= Lee Salem (editor) =

American comic strip editor (1946–2019)

Lee Salem (July 21, 1946 – September 2, 2019) was an American comic strip editor who worked at Universal Press Syndicate from 1974 until his retirement in 2014. While working at Universal, he helped to develop such highly regarded comic strips as For Better or For Worse, Calvin & Hobbes, and La Cucaracha, in addition to discovering Cathy and The Boondocks. According to the Los Angeles Times, "Beloved by a tight circle of industry artists, Salem’s keen eye for finding talented and idiosyncratic writers and cartoonists lead to the syndication of some of the best and most daring American comic strips of the last quarter of the 20th century."

==Biography==
Salem was born in Orlando, Florida, on July 21, 1946, to Louis and Rosemary Salem. He grew up in Boston, Massachusetts and Portsmouth, New Hampshire.
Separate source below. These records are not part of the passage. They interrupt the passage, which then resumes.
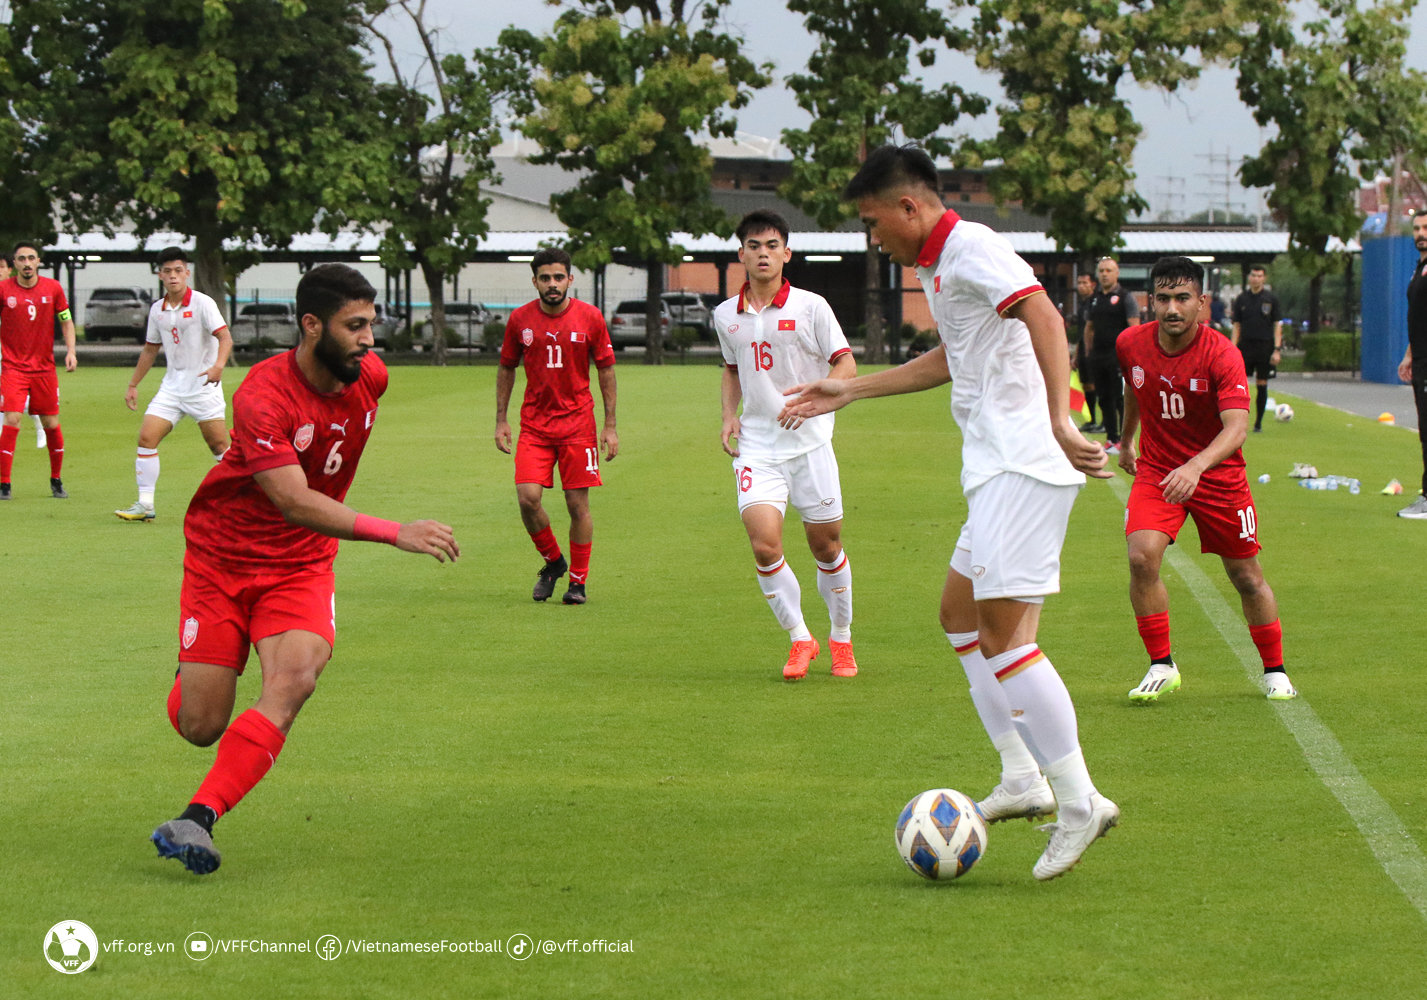 Đội tuyển U.23 Việt Nam sẽ đá trận ra quân gặp U.23 Lào ngày 20.8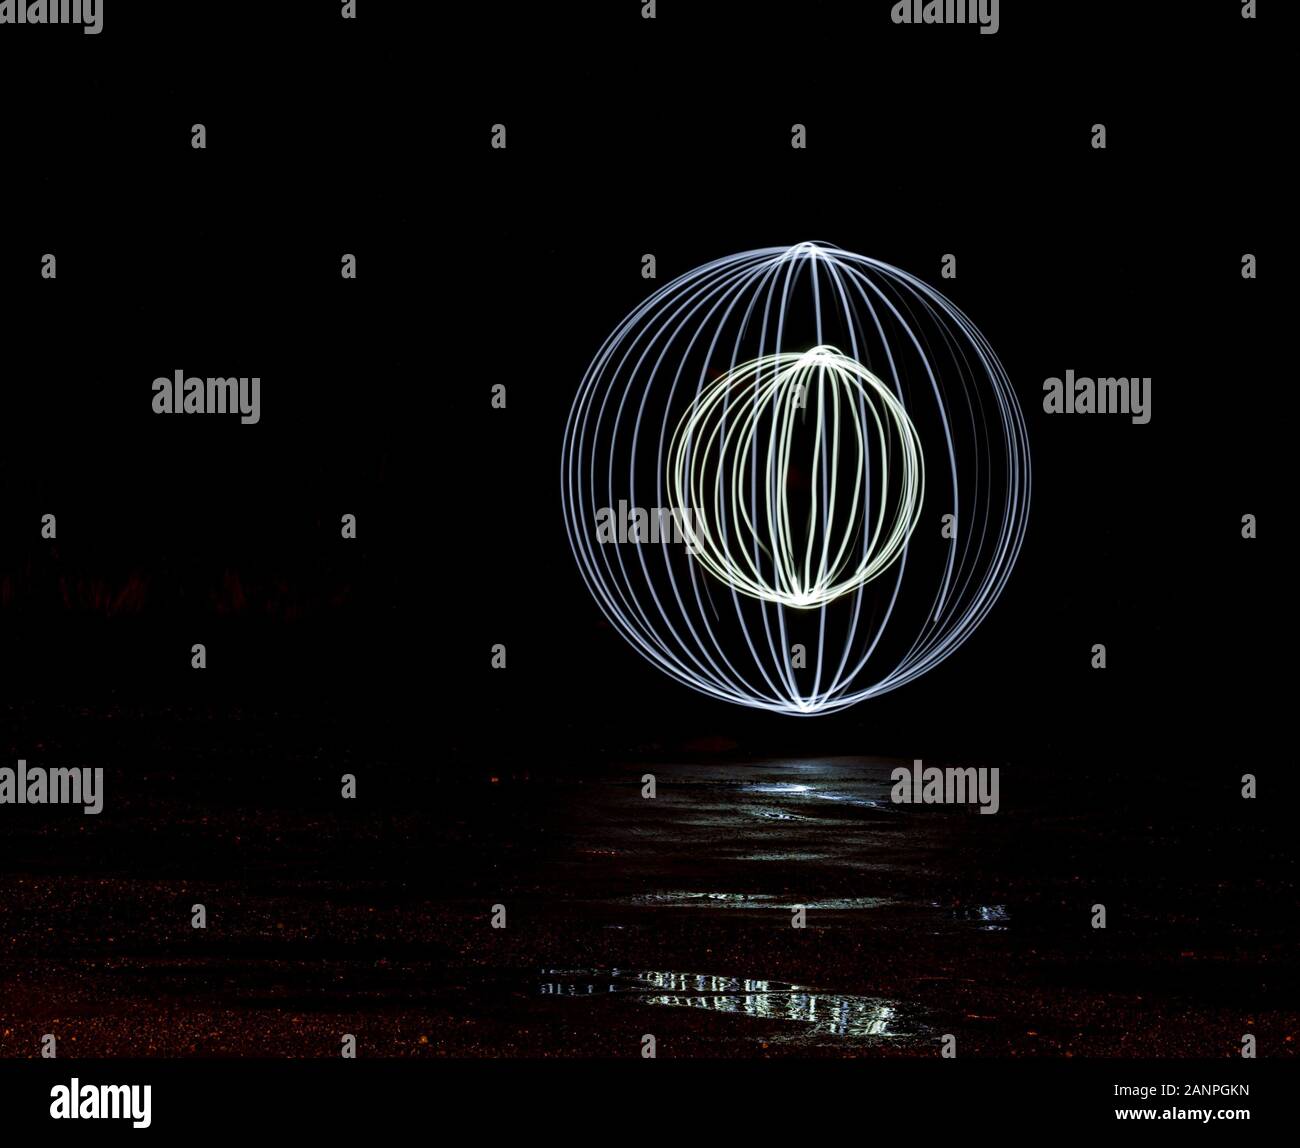 Les spirales globe circulaire créé par peindre avec la lumière dans l'obscurité avec des réflexions Banque D'Images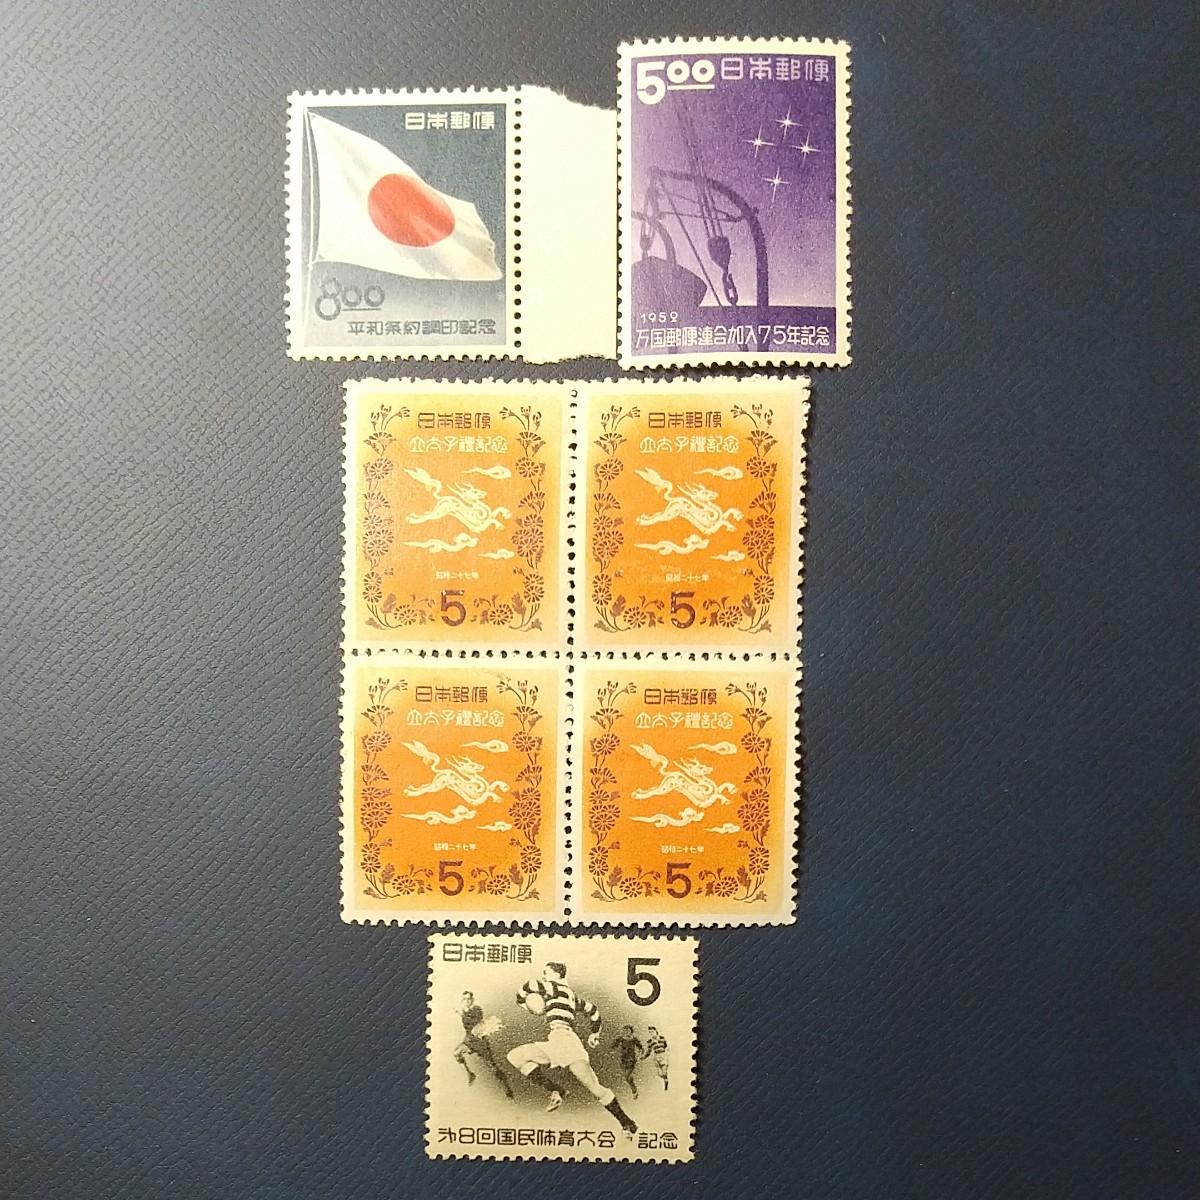 切手コレクション 1950年代の切手を集めてみた 平和条約 立太子礼など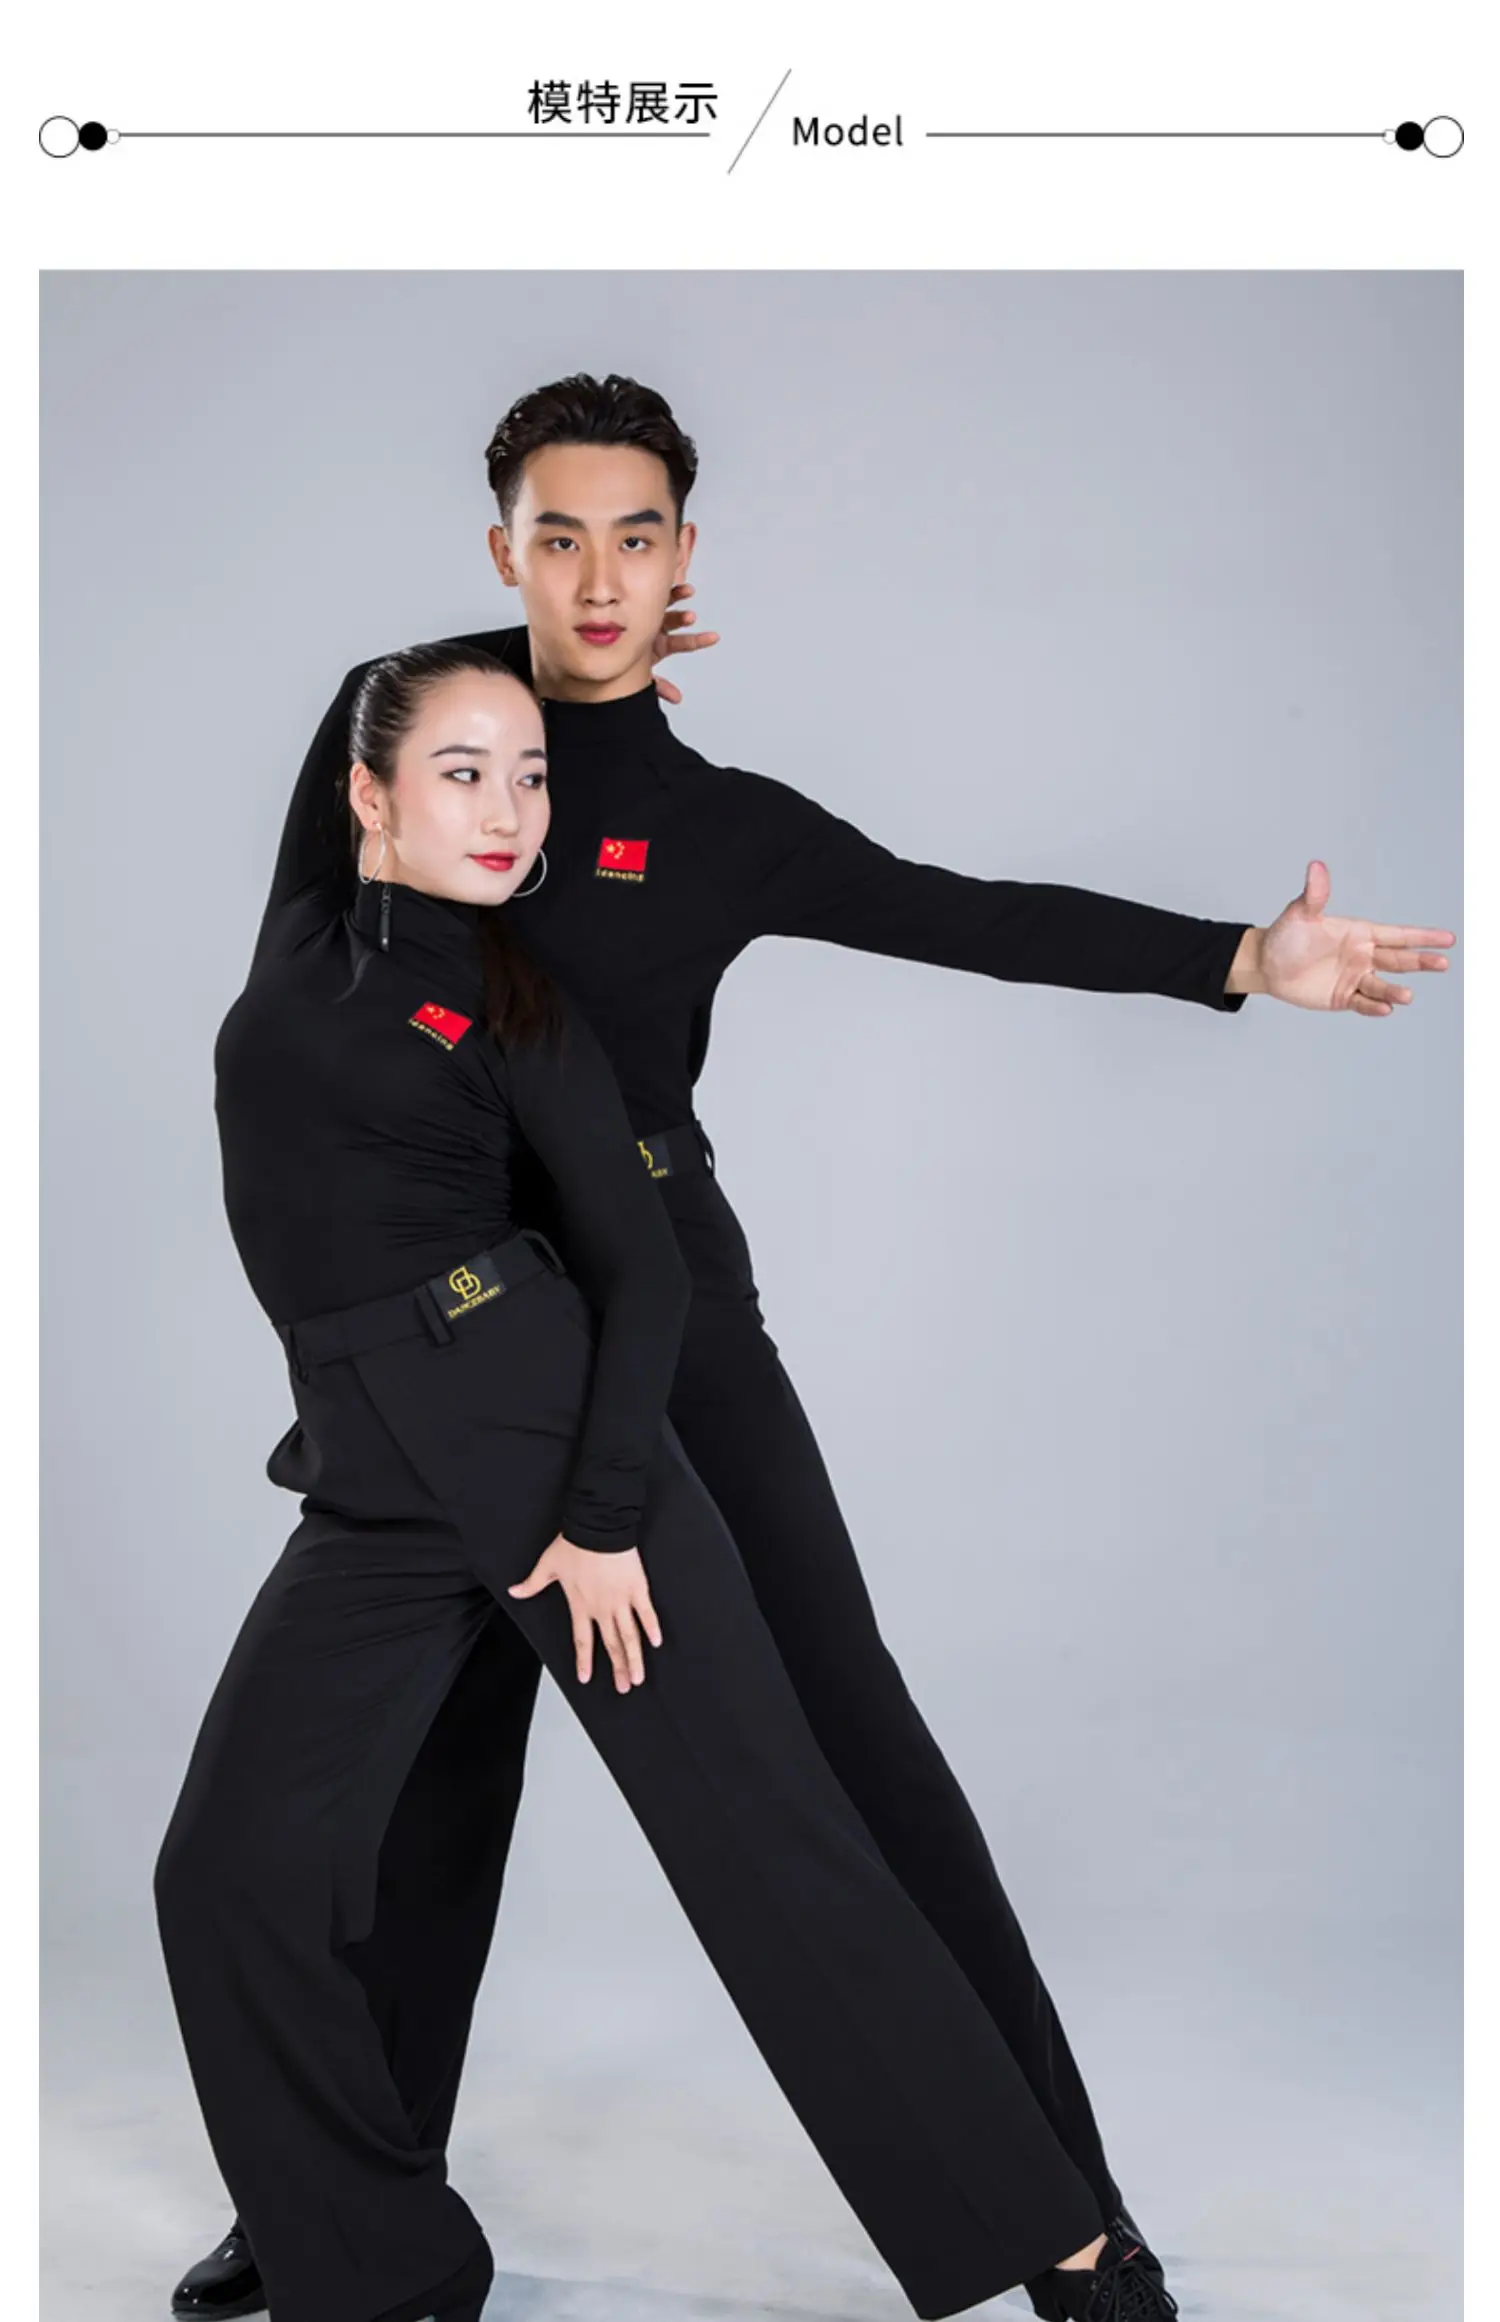 nacional dança desempenho roupas treinamento dança moderna ampla perna calças da596

He received his bachelor's degree from Park College and his master's degree from the University of Missouri, Kansas City, both in English. In 1974, he began working at Universal Press Syndicate as an assistant editor, where he was promoted to vice president and editorial director in 1981. In 2006, he became president of Universal Press Syndicate, a position he held until his retirement in 2014. In 2013, he received the Silver T-Square Award from the National Cartoonists Society. On August 19, 2019, Salem suffered a stroke from which he died on September 2 of that year at his home in Leawood, Kansas.